**Your task:** Below are several records. Retype exactly those lines running from the one with "New Balance 420" through the one with "Nachtmann Palais Champagne", end lines included, and no others.

**Records for the exercise:**
# # # #

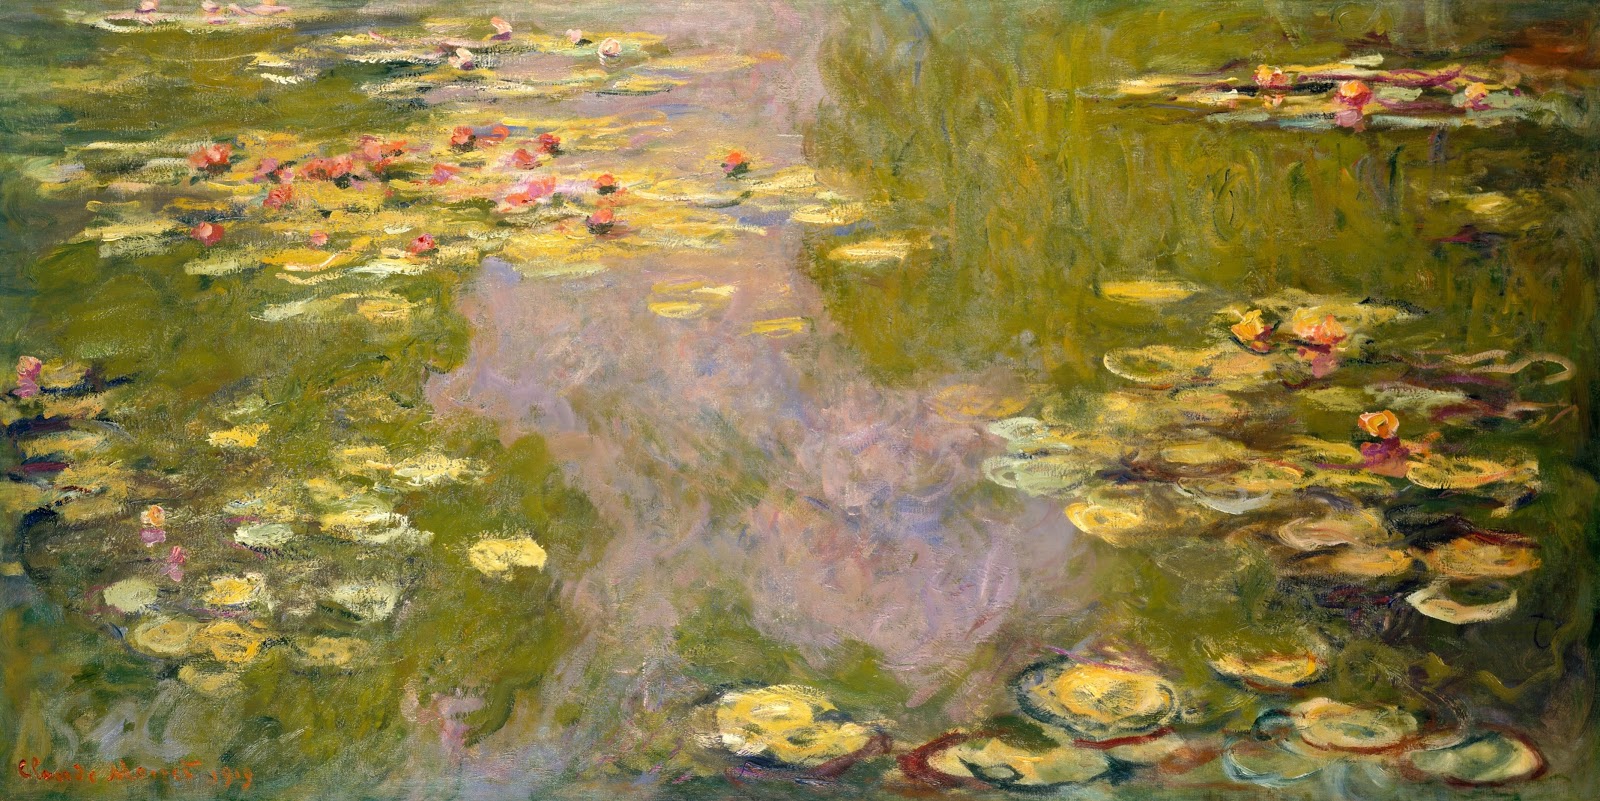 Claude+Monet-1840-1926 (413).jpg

# # # #

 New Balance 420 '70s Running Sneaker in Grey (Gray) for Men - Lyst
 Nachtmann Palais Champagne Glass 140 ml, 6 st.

# # # #

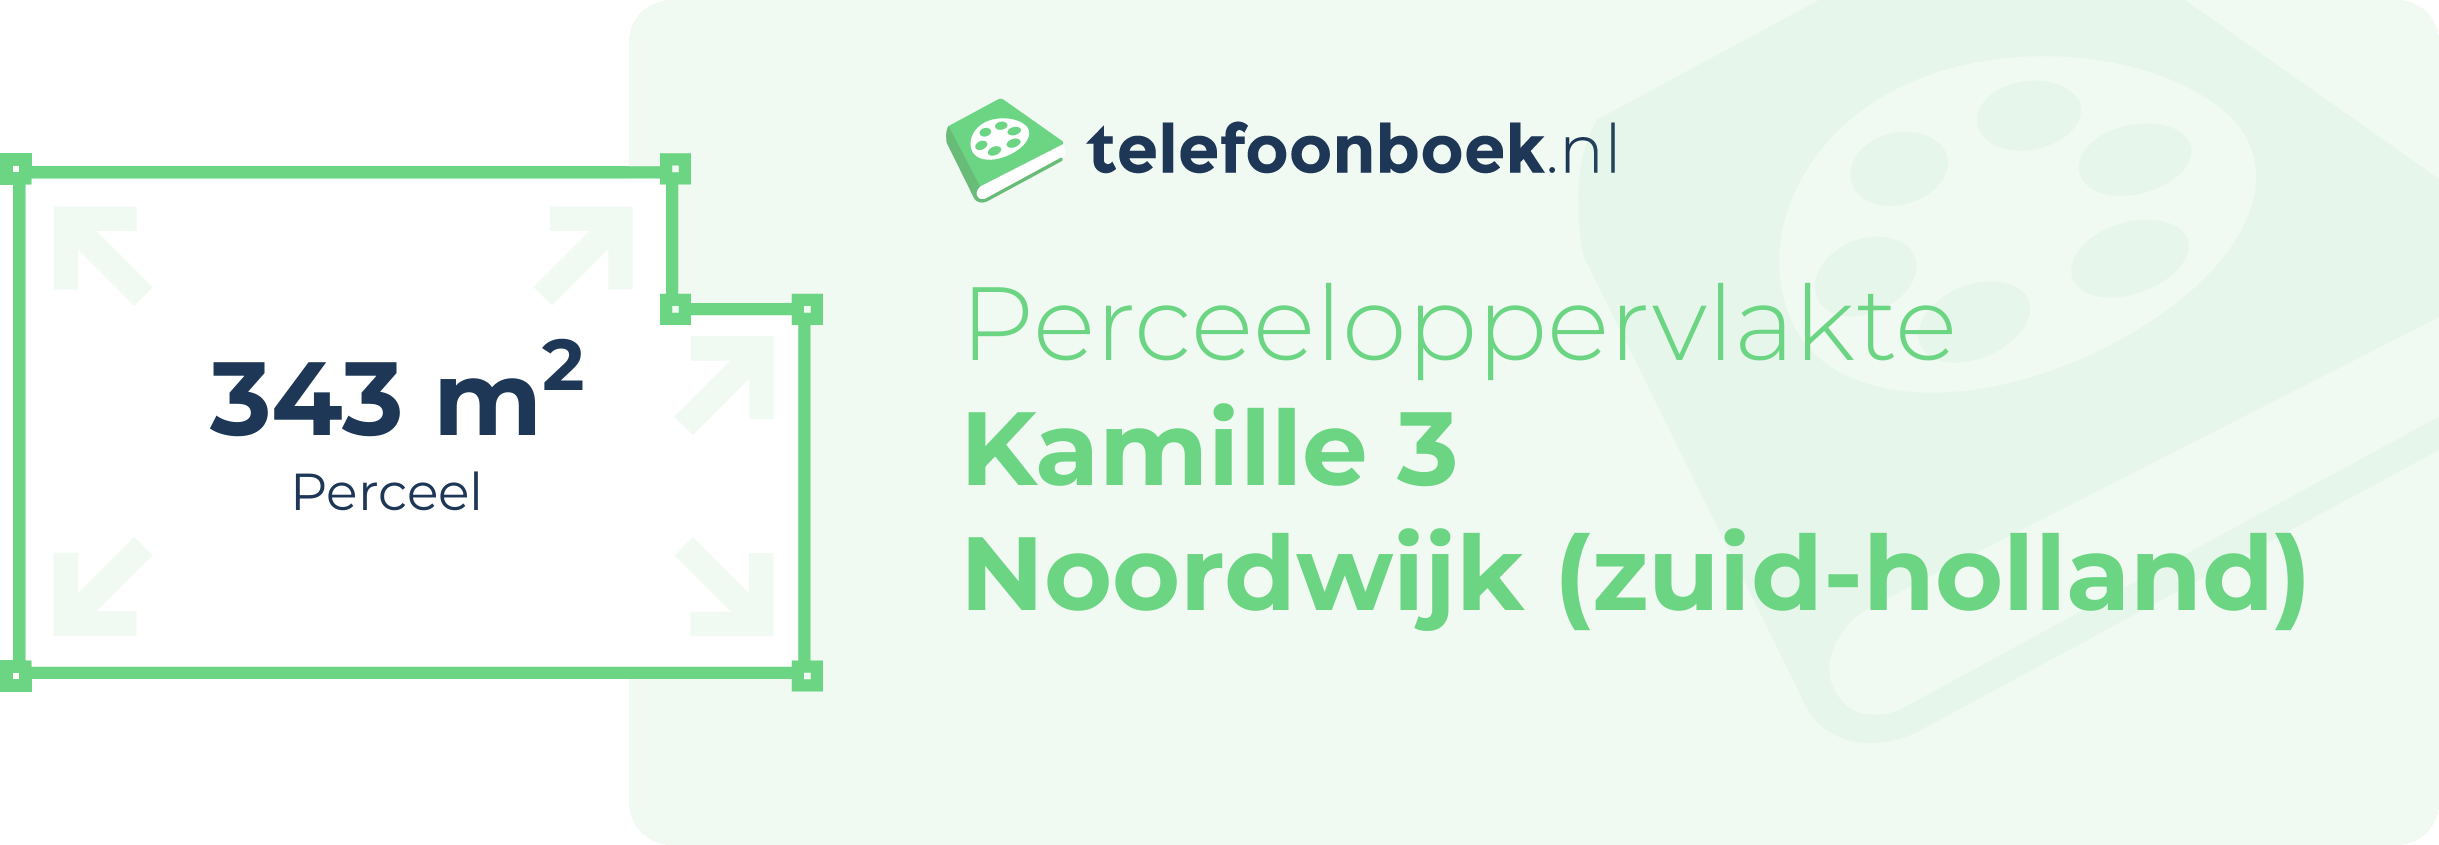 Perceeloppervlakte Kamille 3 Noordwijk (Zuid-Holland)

# # # #

**Answer:**
 New Balance 420 '70s Running Sneaker in Grey (Gray) for Men - Lyst
 Nachtmann Palais Champagne Glass 140 ml, 6 st.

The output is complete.